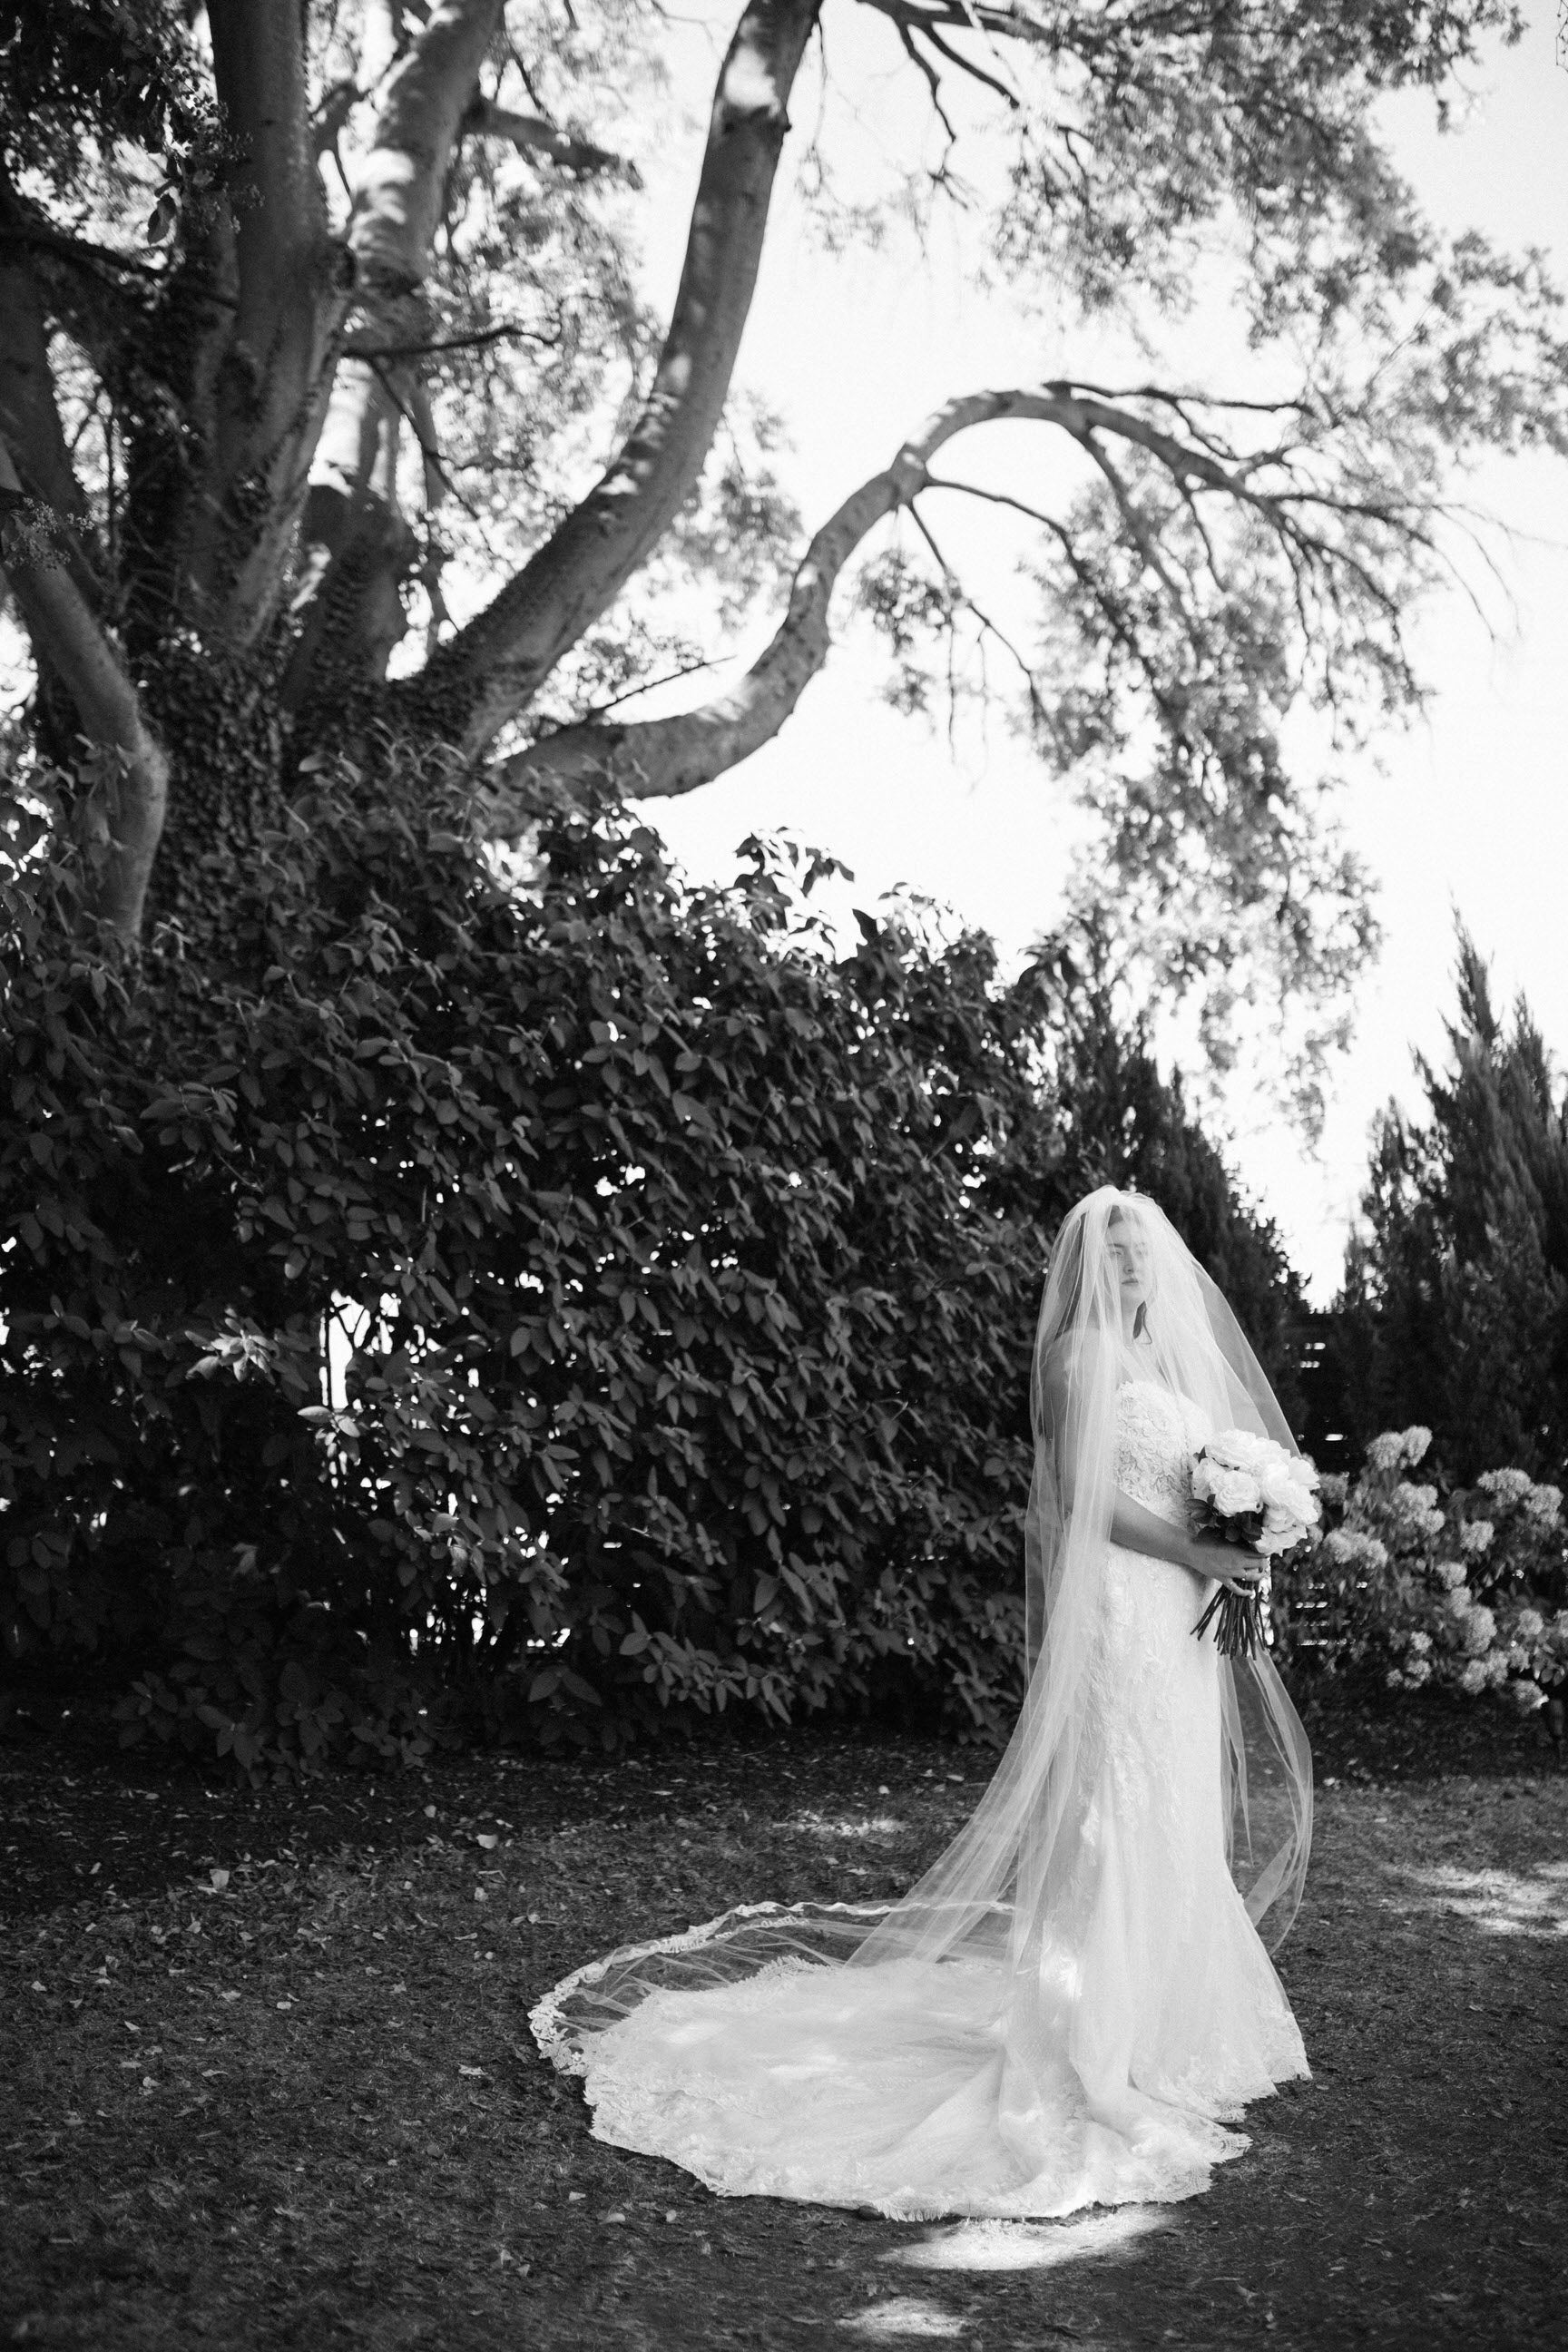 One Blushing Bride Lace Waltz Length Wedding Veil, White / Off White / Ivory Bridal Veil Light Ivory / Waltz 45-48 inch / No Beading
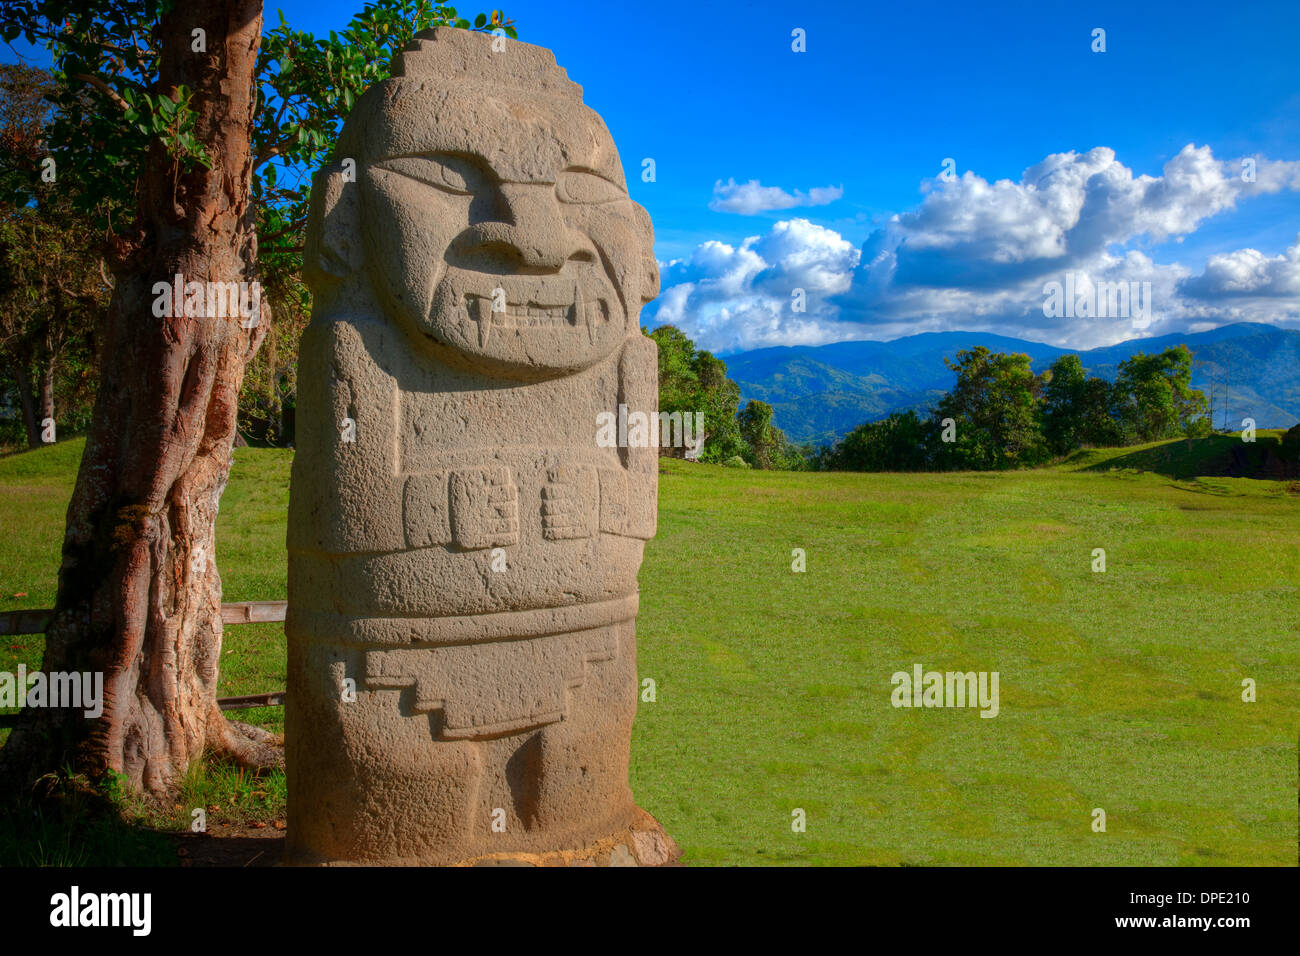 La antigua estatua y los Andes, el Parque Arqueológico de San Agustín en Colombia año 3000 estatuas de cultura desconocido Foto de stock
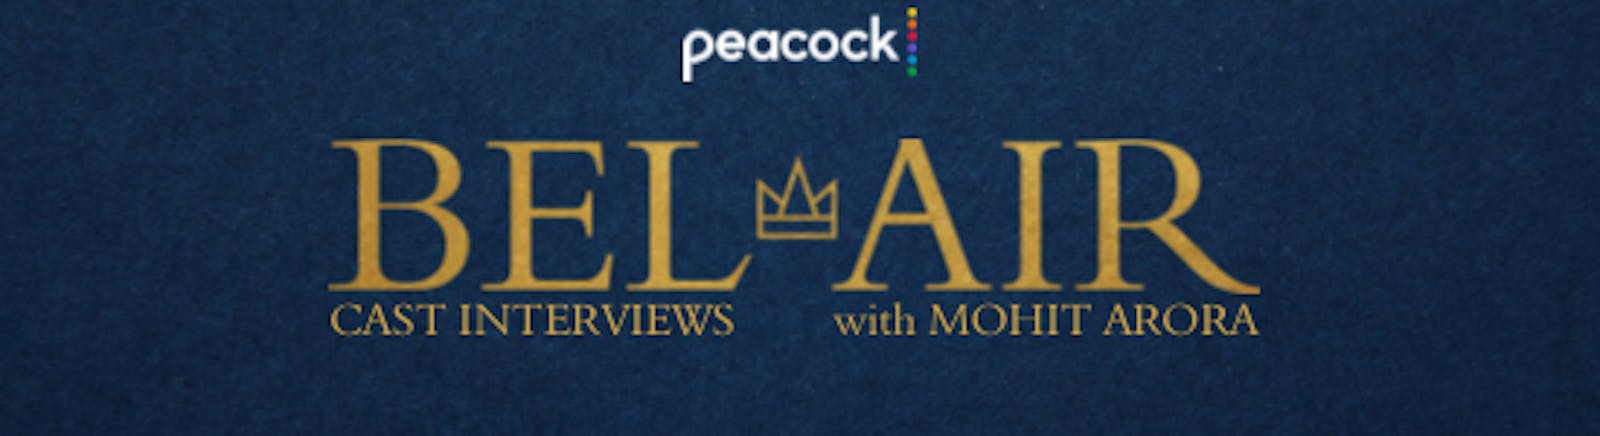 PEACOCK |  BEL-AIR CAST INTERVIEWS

* * * * * * * * *

An exact copy of the material is required, minus the pictures.

» ANSWER AREA:
 One Blushing Bride Lace Waltz Length Wedding Veil, White / Off White / Ivory Bridal Veil Light Ivory / Waltz 45-48 inch / No Beading
 La antigua estatua y los Andes, el Parque Arqueológico de San Agustín en Colombia año 3000 estatuas de cultura desconocido Foto de stock
 PEACOCK |  BEL-AIR CAST INTERVIEWS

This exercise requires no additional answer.